As part of the implementation, we store loss and weight vectors in each GD step as a class member variable.
- The step-wise loss is used for plotting a learning curve in order to ensure that the model is training as expected.

- The step-wise weight vector is useful in studying the trajectory of gradient descent in the loss landscape.

# Logistic regression class implementation

We combine these different components into a single python class with name `LogisticRegression`.

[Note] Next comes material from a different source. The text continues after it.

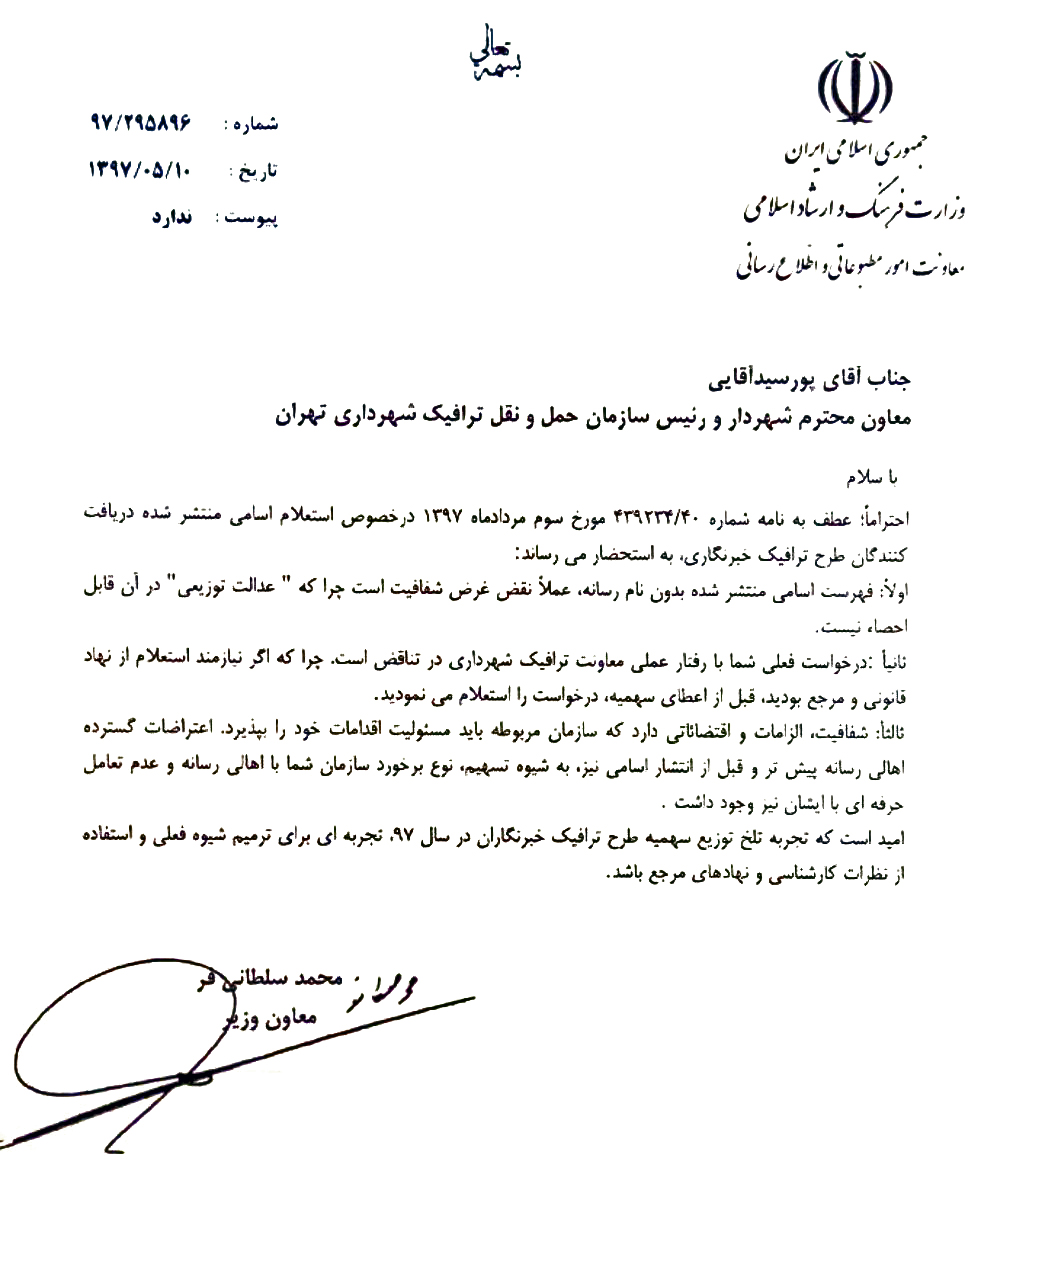 معاون وزیر ارشاد در چند سطر معاون شهردار تهران را با خاک یکسان کرد! (عکس)

It has the following class member variables:
   1. Weight vector
   2. Loss and weight vector in each GD step

In [10]:
class LogisticRegression(object):
    """Logistic regression model.
    y = sigmoid(X @ w)
    """
    def set_weight_vector(self, w):
        self.w
        
    # Let's implement linear combination in vectorized form
    def linear_combination(self, X:np.ndarray) ->np.ndarray:
        return X@self.w
    
    def sigmoid(self, z:np.ndarray):
        """Return probability of input belonging class 1.
        Args:
            z: (n, ) np.ndarray
        Returns:
            sigmoid activation vector(n, ) np.ndarray
        
        """
        return 1/(1+np.exp(-z))
    
    def activation(self, X:np.ndarray) -> np.ndarray:
        '''Calculates sigmoid activation for logistic regressin.
        The sigmoid activation is calculated with the following vectorized form:
            act = sigmoid(Xw)
            
        Args:
            X: feature matrix with shape (n, m)
        Returns:
            activation vector with the shape (n,)'''
        return self.sigmoid(self.linear_combination(X))
    
    def predict(self, X:np.ndarray, threshold: float = 0.5):
        """Classify input data.
        Args:
            x : (N, D) np.ndarray
            threshold : float, optional
                threshold of binary classification (default is 0.5)
        Returns:
            (N, ) np.ndarray 
        """
        return (self.activation(X) > threshold).astype(int)
    
    def loss(self, X:np.ndarray, y:np.ndarray, reg_rate:float) -> float:
        '''Calculates binary cross entropy loss on training set.
        
        '''
        predicted_prob = self.activation(X)
        return (-1 * (np.sum(y * np.log(predicted_prob) + 
                             (1-y) * np.log(1 - predicted_prob))) +
                            reg_rate * np.dot(np.transpose(self.w), self.w))
    
    def calculate_gradient(self, X:np.ndarray, y:np.ndarray,
                          reg_rate:float) -> np.ndarray:
        '''Calculates gradients of loss function w.r.t. weight vector on training set.
        
        Returns:
            A vector of gradients.'''
        return np.transpose(X)@(self.activation(X) -y) + reg_rate * self.w
    
    def update_weights(self, grad:np.ndarray, lr:float) -> np.ndarray:
        '''Updates the weights based on the gradient of loss function.
        
        Weight updates are carried out with the following formula:
            w_new := w_old -lr * grad
            
        Args:
            2. grad: gradient of loss w.r.t. w
            3. lr: learning rate
        Returns:
            Updated weight vector
            '''
        return (self.w - lr*grad)
    
    def gd(self, X:np.ndarray, y:np.ndarray, num_epochs:int, lr:float, reg_rate:float) -> np.ndarray:
        '''Estimates parameters of linear regression model through gradient descent.
        Args:
            X: Feature matrix for training data.
            y: Label vector for training data.
            num_epochs: Number of training steps
            lr: learning rate
            reg_rate: regularization rate
        Returns:
            Weight vector: Final weight vector'''
        self.w = np.zeros(X.shape[1])
        self.w_all = []
        self.err_all = []
        for i in np.arange(0, num_epochs):
            dJdW = self.calculate_gradient(X, y, reg_rate)
            self.w_all.append(self.w)
            self.err_all.append(self.loss(X, y, reg_rate))
            self.w = self.update_weights(dJdW, lr)
        return self.w

In this section, we implemented binary logistic regression classifier from scratch. First we implemented all its components in vectorized form and then clubbed all of them together in a python class.